If you had called McBain a sailor, he would have replied, —
“No, sir, I’m not a sailor; I’m only a boatman, or a fisherman if you like it better.”
But this was only McBain’s modesty. A sailor by profession he certainly was not, although he had, as I before told you, spent a portion of his younger life at sea; but from his infancy he was used to rough it, not only on the stormy lakes of the inlands, but in open or half-decked boats all along the western shores of romantic Scotland, and that, too, in winter as well as in summer; nor was there a loch, nor cape, nor kyle he did not know every bearing of, from Handa Isle in the north, southwards as far as the Ross of Mull. And that is saying a great deal, for on that wild, indented coast, exposed as it is to the whole force of the wide Atlantic, stormy seas are met with and sudden squalls, such as are happily but little known on the shores of Merrie England.
“He is a good seaman, isn’t he?” Rory had said one day to old Ap, referring, of course, to McBain.
“Is it seamanship you talk of?” old Ap replied. “Look, you see, sir; I’d rather be in a herring boat with McBain in half a gale of wind, although he was managing the sails by himself look, you see, and steering with his teeth or knees, so to speak, than I’d be in a 200-ton schooner, with a score of dandified yachtsmen; yes, yes, indeed.”
Hearing old Ap talk thus enthusiastically about quiet, non-assuming McBain, the latter gained an ascendency in Rory’s estimation that he never after lost.
Often, in fact as a rule, McBain smiled when he gave an order to his boys, but his was not a stereotyped smile. His smile played not only around his lips, but it danced around his eyes and lighted up all his face. It was not, however, so much the smile of mirth as that of genuine good-heartedness.
Often, even when in a difficult position, he would allow the young men to handle the boat according to their own judgment, but at the same time his grave grey eyes would be cautiously watching their every movement, and his hand would be ready at a moment’s notice to grasp a sheet or rectify a foul, and so prevent unpleasantness. I am not sure that McBain’s method of teaching was not somewhat unique in many ways, but it was at times very effective.
“I’m not sorry that this should have happened, my boys,” was one of McBain’s favourite expressions, after any little accident or mishap. His crew knew well that he meant that a lesson given roughly, and sent well home, was likely to be remembered.

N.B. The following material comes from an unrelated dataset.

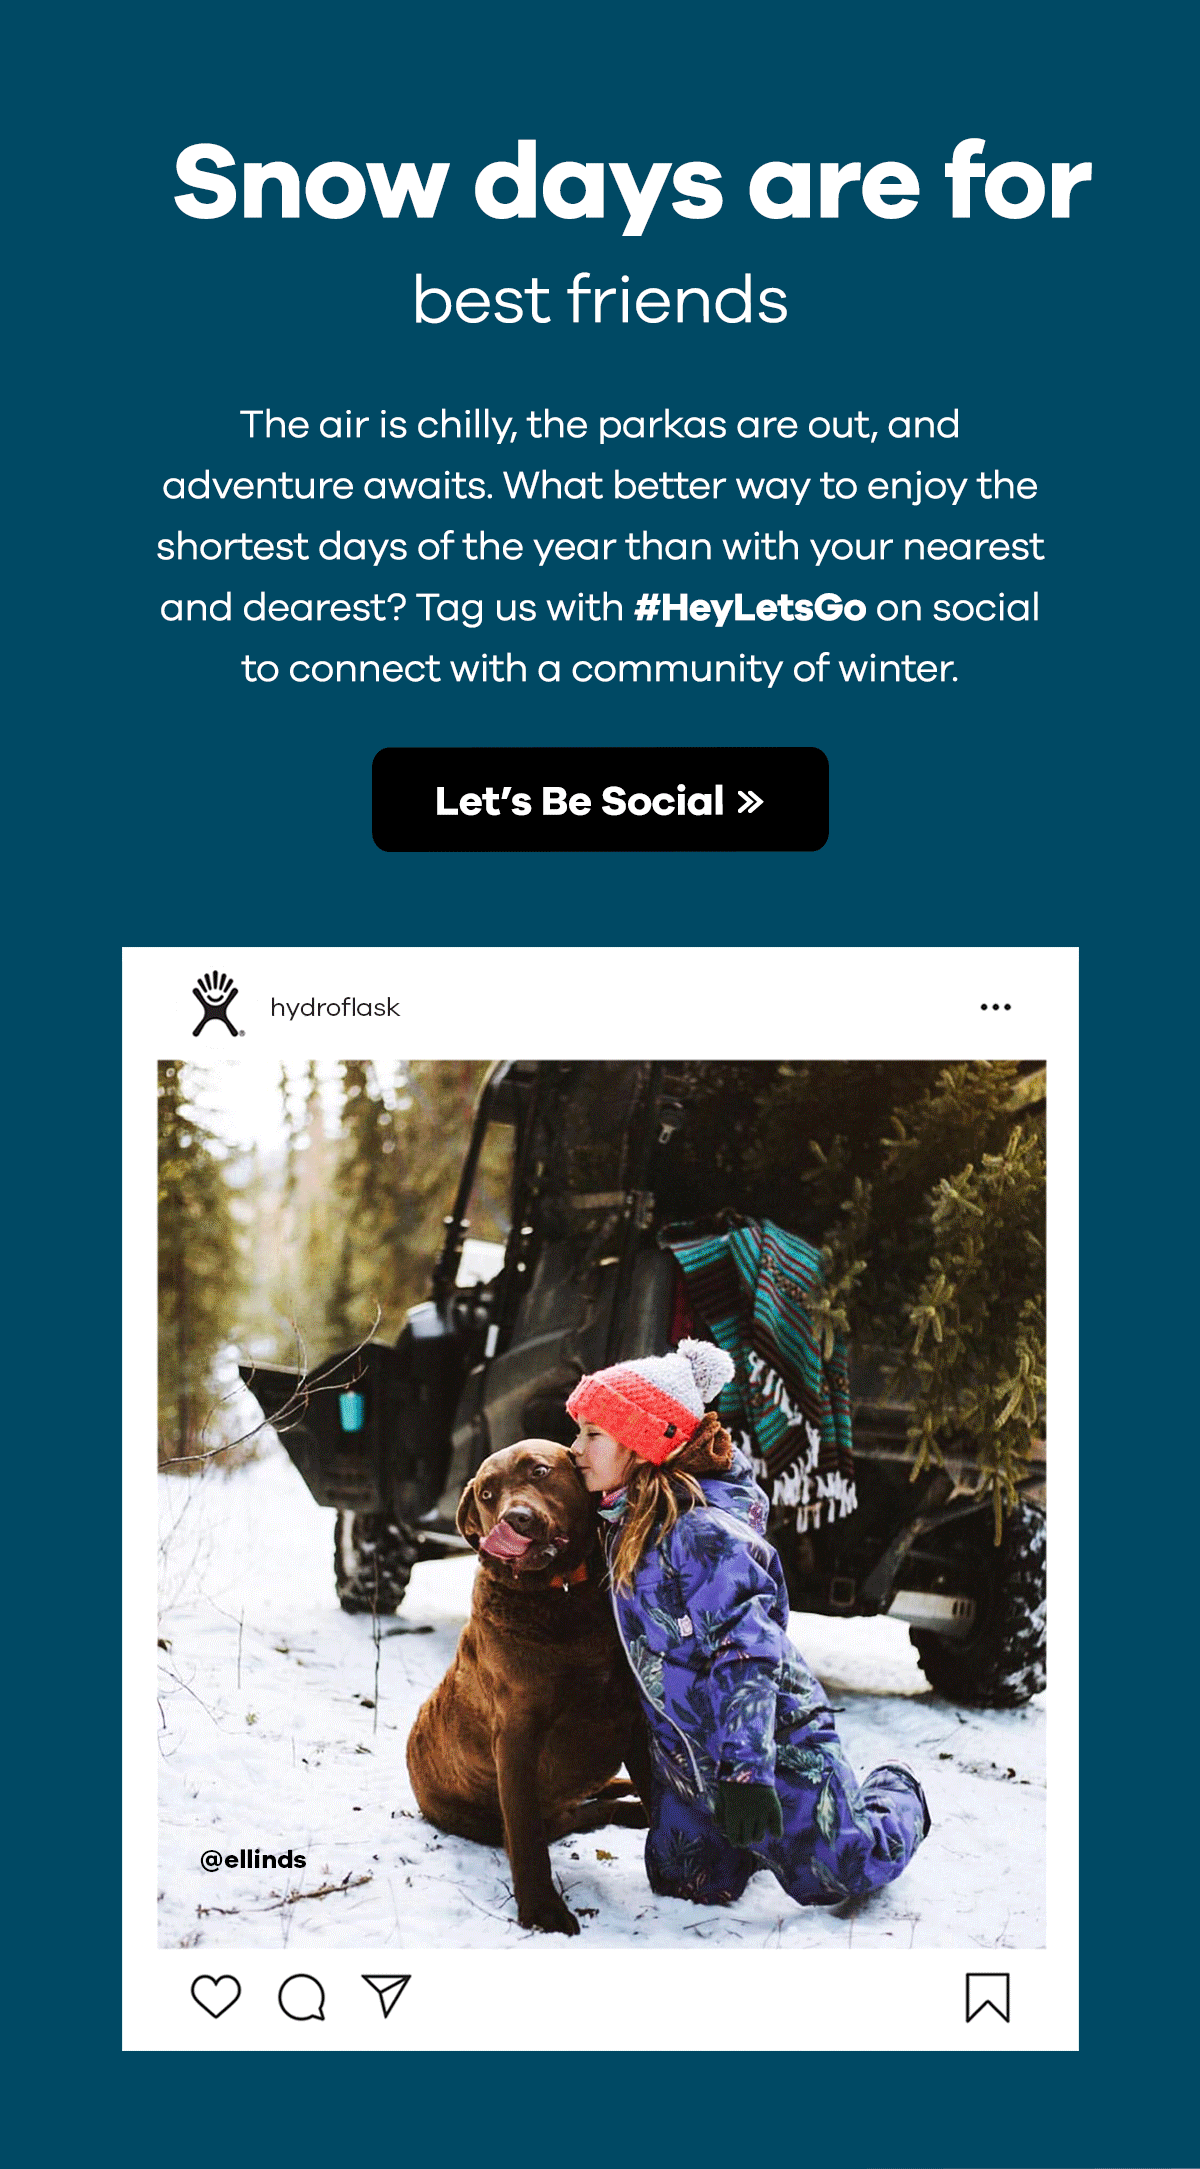 Snow days are for old friends, new friends, best friends, community | The air is chilly, the parkas are out, and adventure awaits. What better way to enjoy the shortest days of the year than with your nearest and dearest? Tag us with #HeyLetsGo on social and connect with a community of winter. | Let's Be Social >>

One day, for example, with Rory as steersman, their course led them pretty close to the passenger boat Crocodile. Perhaps they needn’t have gone near enough to have most of the wind taken out of their sails, and their way considerably lessened; perhaps, though, Rory was just a little proud of his pretty vessel, and of being looked at by the lady passengers, looked at and probably admired; be this as it may, he forgot a warning that McBain had often given him, to have an easy sheet for the sudden rush of wind that would meet them, immediately after passing to leeward of anything, and so, on this particular day, his pride had a most disagreeable fall, and he himself, with the rest of his companions, had a good wetting, for down went the Flower of Arrandoon on her beam ends as soon as they had cleared the Crocodile. But she was well ballasted, the sliding hatch was on, and when sheets were eased she righted again, though it was a considerable time before Rory righted again.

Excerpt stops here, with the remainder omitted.